» ASSIGNMENT
Using the entries that follow, transcribe only the lines from the line with "Sunrise behind an" to the line with "Clinical Extracts - Terpene Formulation CB2", both included, exactly as they stand and without pictures.

» PROVIDED DATA

::::

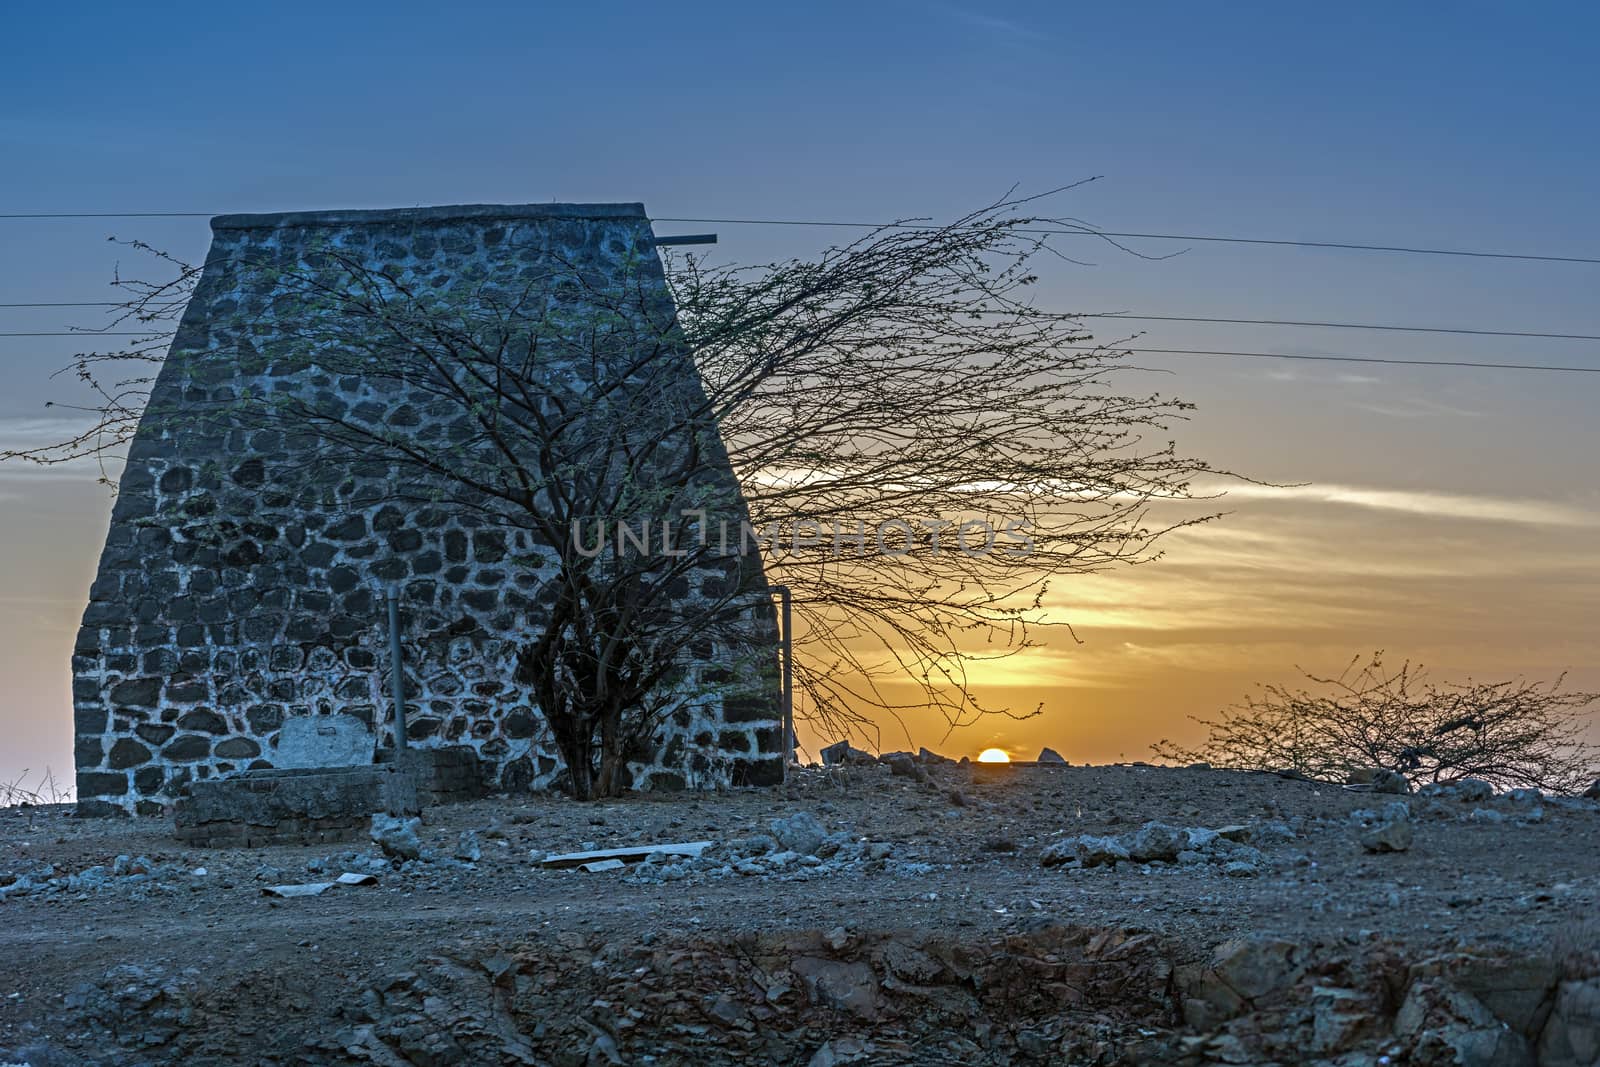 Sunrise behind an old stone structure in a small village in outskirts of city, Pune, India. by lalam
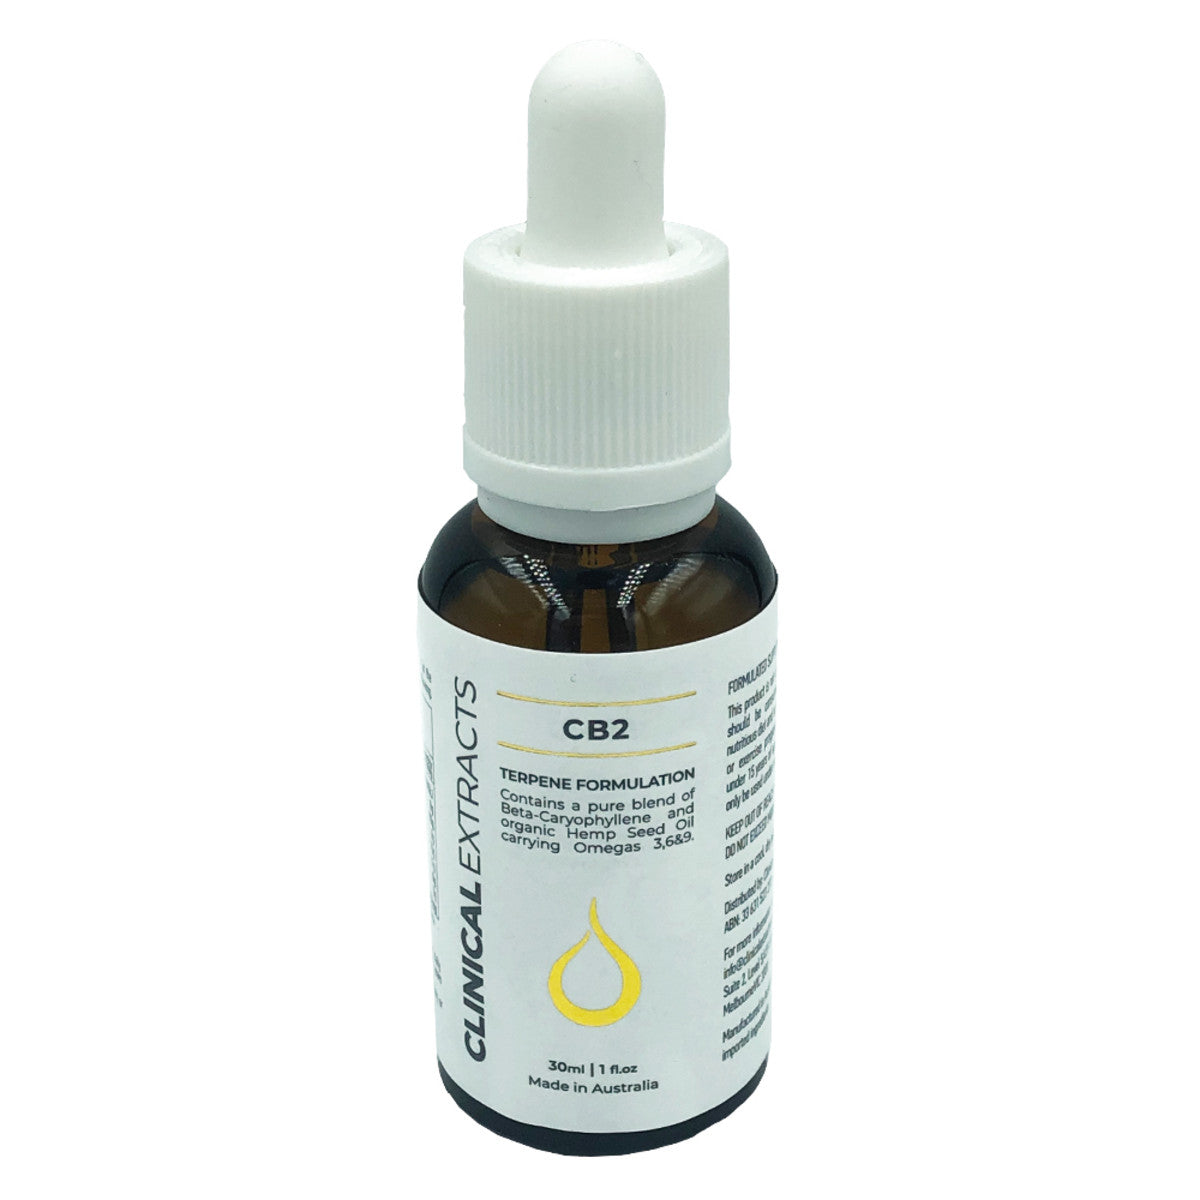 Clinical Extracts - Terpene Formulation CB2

::::

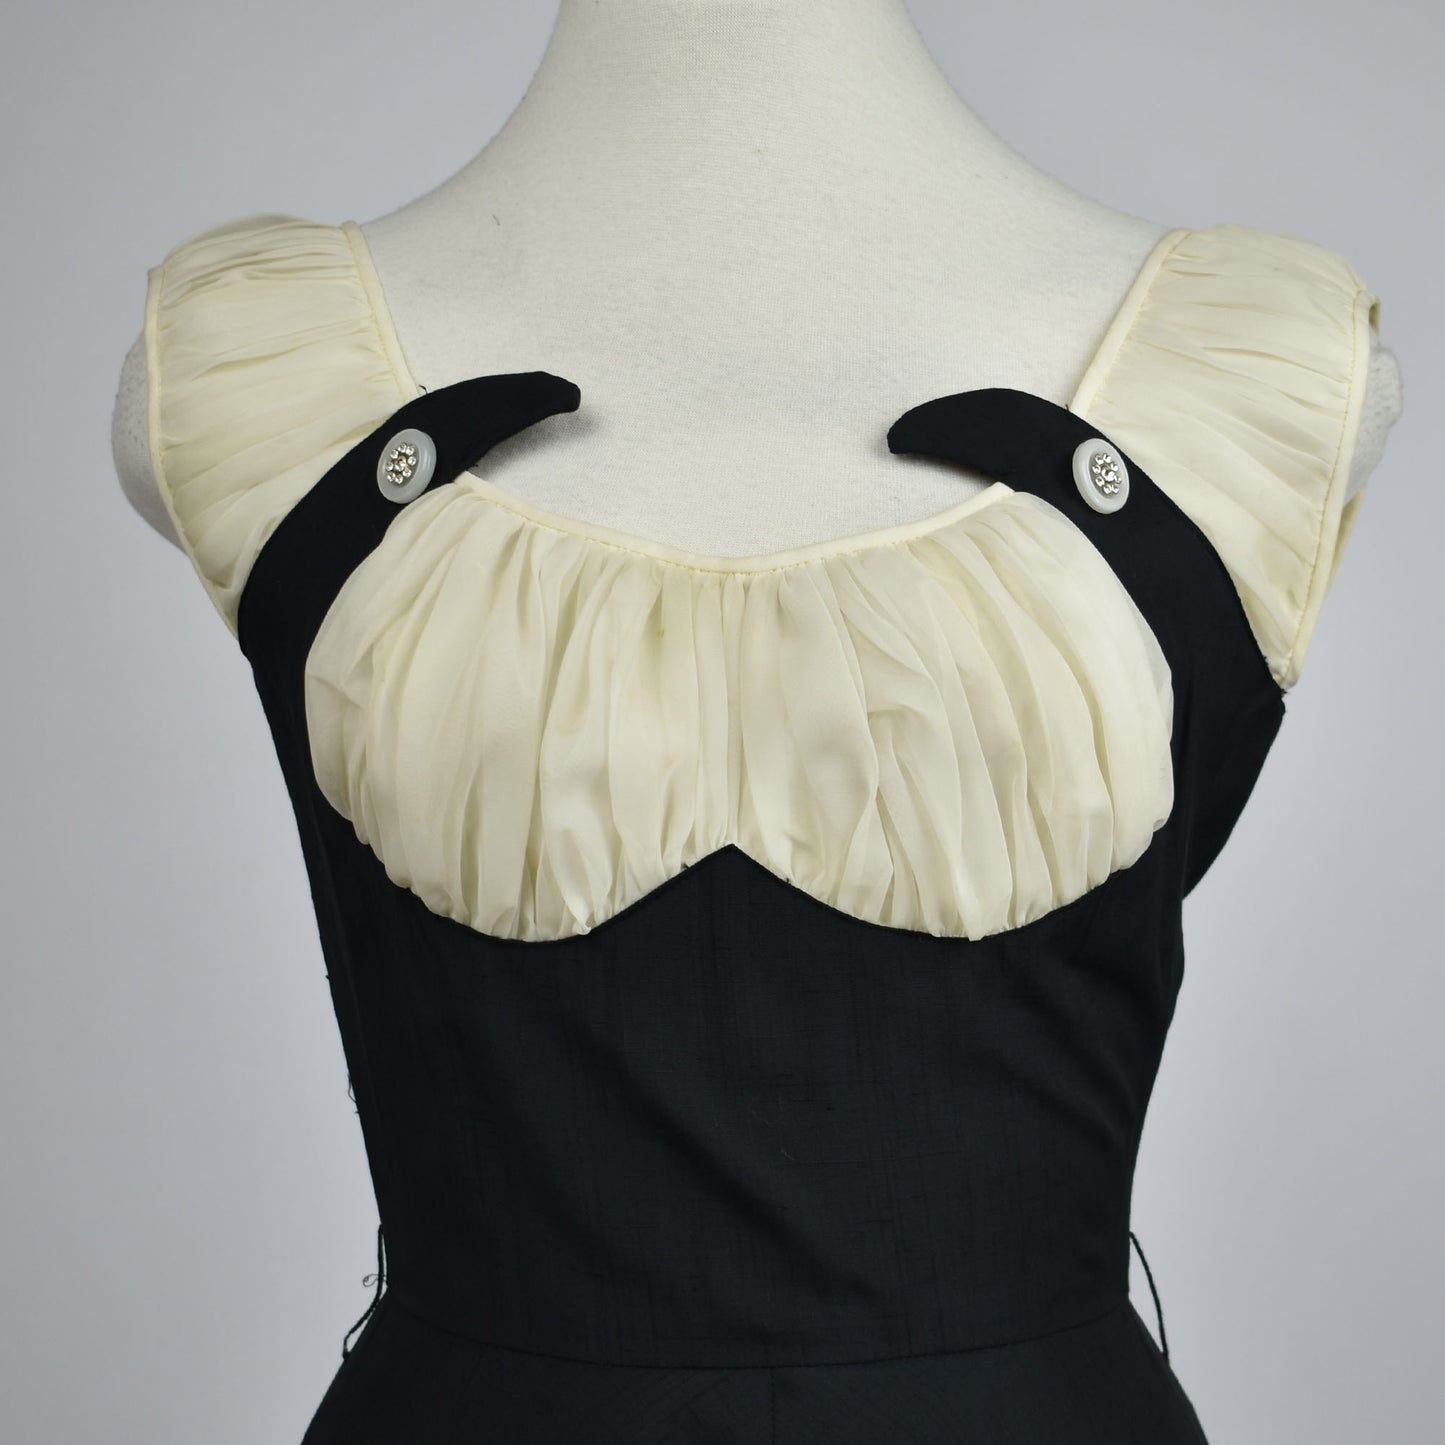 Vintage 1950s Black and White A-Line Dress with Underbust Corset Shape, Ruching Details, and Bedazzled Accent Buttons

::::

» WORKED SOLUTION
 Sunrise behind an old stone structure in a small village in outskirts of city, Pune, India. by lalam
 Clinical Extracts - Terpene Formulation CB2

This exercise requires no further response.